What you will do:
Start at the first line of the material below and retype each line through the one containing "中国中医科学院中医药科技合作中心 中医专业技能培训证书 中医健康管理技术证书样本", exactly.

Given information:

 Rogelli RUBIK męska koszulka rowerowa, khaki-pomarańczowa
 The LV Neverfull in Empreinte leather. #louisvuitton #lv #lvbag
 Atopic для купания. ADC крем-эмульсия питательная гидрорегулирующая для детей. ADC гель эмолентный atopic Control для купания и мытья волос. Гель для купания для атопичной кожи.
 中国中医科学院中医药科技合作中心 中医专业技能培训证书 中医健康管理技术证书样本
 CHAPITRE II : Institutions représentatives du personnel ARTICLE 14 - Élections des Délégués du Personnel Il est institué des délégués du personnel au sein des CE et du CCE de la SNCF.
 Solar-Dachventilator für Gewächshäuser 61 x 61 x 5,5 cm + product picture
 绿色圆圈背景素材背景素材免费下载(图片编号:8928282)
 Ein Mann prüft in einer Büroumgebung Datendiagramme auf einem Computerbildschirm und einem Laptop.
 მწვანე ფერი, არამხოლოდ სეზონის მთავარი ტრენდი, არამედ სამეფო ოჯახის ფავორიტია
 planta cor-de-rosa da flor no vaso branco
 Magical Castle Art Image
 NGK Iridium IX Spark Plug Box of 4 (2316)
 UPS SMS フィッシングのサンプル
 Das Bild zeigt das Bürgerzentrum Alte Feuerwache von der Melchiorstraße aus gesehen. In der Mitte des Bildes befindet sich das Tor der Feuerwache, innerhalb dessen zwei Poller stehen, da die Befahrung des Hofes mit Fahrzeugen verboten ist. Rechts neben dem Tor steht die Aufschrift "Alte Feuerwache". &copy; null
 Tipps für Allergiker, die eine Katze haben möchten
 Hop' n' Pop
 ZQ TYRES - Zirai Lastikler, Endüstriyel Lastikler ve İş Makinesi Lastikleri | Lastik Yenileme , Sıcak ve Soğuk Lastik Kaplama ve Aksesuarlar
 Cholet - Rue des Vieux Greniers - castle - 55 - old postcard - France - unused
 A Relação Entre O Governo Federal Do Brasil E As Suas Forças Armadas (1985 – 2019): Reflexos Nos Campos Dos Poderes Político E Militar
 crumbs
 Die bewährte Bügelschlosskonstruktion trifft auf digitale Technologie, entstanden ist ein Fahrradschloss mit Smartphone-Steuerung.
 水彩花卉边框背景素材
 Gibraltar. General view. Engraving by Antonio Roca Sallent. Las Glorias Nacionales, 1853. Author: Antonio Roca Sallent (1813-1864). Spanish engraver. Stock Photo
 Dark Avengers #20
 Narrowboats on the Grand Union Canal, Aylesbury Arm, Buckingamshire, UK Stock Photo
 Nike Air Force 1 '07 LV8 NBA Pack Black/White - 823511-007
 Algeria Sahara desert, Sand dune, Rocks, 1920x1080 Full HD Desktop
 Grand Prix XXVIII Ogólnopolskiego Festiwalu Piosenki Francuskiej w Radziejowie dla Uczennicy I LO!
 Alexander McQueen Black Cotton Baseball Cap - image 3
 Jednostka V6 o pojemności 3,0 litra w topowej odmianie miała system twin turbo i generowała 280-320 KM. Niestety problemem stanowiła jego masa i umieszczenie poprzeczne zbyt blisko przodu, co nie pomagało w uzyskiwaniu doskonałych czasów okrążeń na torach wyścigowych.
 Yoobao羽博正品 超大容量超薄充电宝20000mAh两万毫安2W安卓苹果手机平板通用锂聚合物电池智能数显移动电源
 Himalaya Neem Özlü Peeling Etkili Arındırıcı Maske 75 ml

Answer to this task:
 Rogelli RUBIK męska koszulka rowerowa, khaki-pomarańczowa
 The LV Neverfull in Empreinte leather. #louisvuitton #lv #lvbag
 Atopic для купания. ADC крем-эмульсия питательная гидрорегулирующая для детей. ADC гель эмолентный atopic Control для купания и мытья волос. Гель для купания для атопичной кожи.
 中国中医科学院中医药科技合作中心 中医专业技能培训证书 中医健康管理技术证书样本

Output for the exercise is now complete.